Business
Kroger and Major Fleets Move to Dismiss 'No-Hire' Blacklist Lawsuit
Kroger and mega-carriers Swift, U.S. Xpress, and Werner are pushing to dismiss a lawsuit alleging they colluded to blacklist union drivers after a bankruptcy.
What happened: Retail giant Kroger and major carriers Swift Transportation, U.S. Xpress, and Werner Enterprises have asked a federal court to dismiss a lawsuit alleging they engaged in illegal "no-hire" agreements. The legal challenge, brought forward by former unionized drivers for Quickway Transportation, claims the companies colluded to blacklist them from employment following Quickway's bankruptcy in early 2026.

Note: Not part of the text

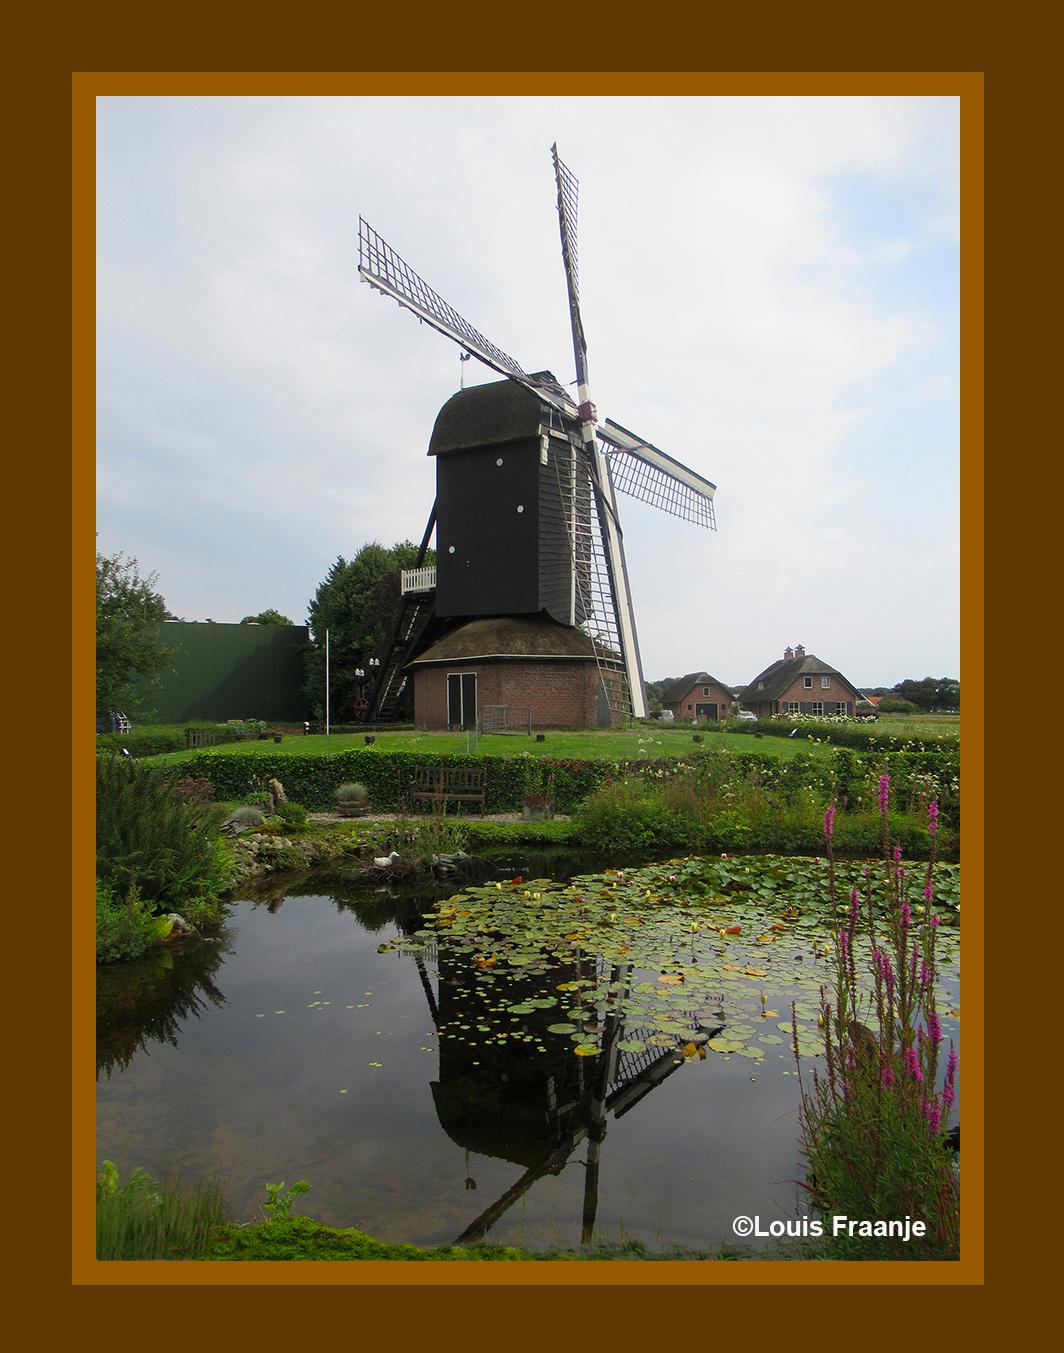 Den Olden Florus of Kallenbroeker Molen is een van de oudste nog aanwezige standerdmolens in Nederland

Why drivers should care: When a carrier goes under, a driver's professional record and clean safety history should be their passport to the next job. If massive shippers and mega-fleets can orchestrate behind-the-scenes agreements to block specific groups of drivers from being hired, it threatens basic workforce portability and sets a dangerous precedent for driver career mobility.
The Allegations Behind the No-Hire Lawsuit
On June 9, 2026, defense attorneys representing Kroger, Werner Enterprises, and Knight-Swift Transportation Holdings subsidiaries (Swift and U.S. Xpress) filed motions to throw out an antitrust lawsuit brought by displaced Teamsters drivers. According to court filings, the dispute dates back to early 2026 when dedicated carrier Quickway Transportation shuttered its operations and entered bankruptcy. The lawsuit alleges that Kroger actively directed its primary alternative carriers not to hire the former Quickway union drivers, effectively freezing them out of the local dedicated freight network.
What it means for owner-operators
- Shipper Leverage: While this case specifically involves W-2 company drivers, it exposes how much operational leverage major retail shippers command over dedicated carrier networks.
- Contract Vulnerability: Independent contractors leased to fleets handling massive retail accounts should recognize that corporate shifts or shipper-carrier realignments can instantly impact their access to consistent freight lines.
What it means for company drivers
- Blacklisting Risks: The case underscores the vulnerability of company drivers whose professional data and employment status can be used as leverage during carrier transitions or labor disputes.
- Career Portability: When a fleet collapses, your standing as a safe, professional operator shouldn't be trapped within an employer-controlled loop or subject to backroom agreements between shippers and competing fleets.
What you can do
- Own Your Employment History: Build a personal file of your safe driving milestones, roadside inspection sheets, and employment certifications. Never depend solely on a single carrier's internal portal to preserve your work history.
- Verify Your Background Reports: In the event of a sudden company shutdown or layoff, promptly request a copy of your DAC report and your complete personnel records to verify that your data is reported accurately.
- Keep Safe Practices First: Ensure that any gathering of career records, background checks, or personal log reviews is handled strictly when you are stopped and parked, never while operating a commercial vehicle.
What to watch next
The federal court will evaluate the motions to dismiss to determine whether the drivers' antitrust and collusion claims carry sufficient legal weight to proceed to discovery and trial. The outcome of this case could reshape hiring protections for commercial drivers and establish clearer boundaries regarding how much control a major shipper can exert over a carrier's workforce management policies.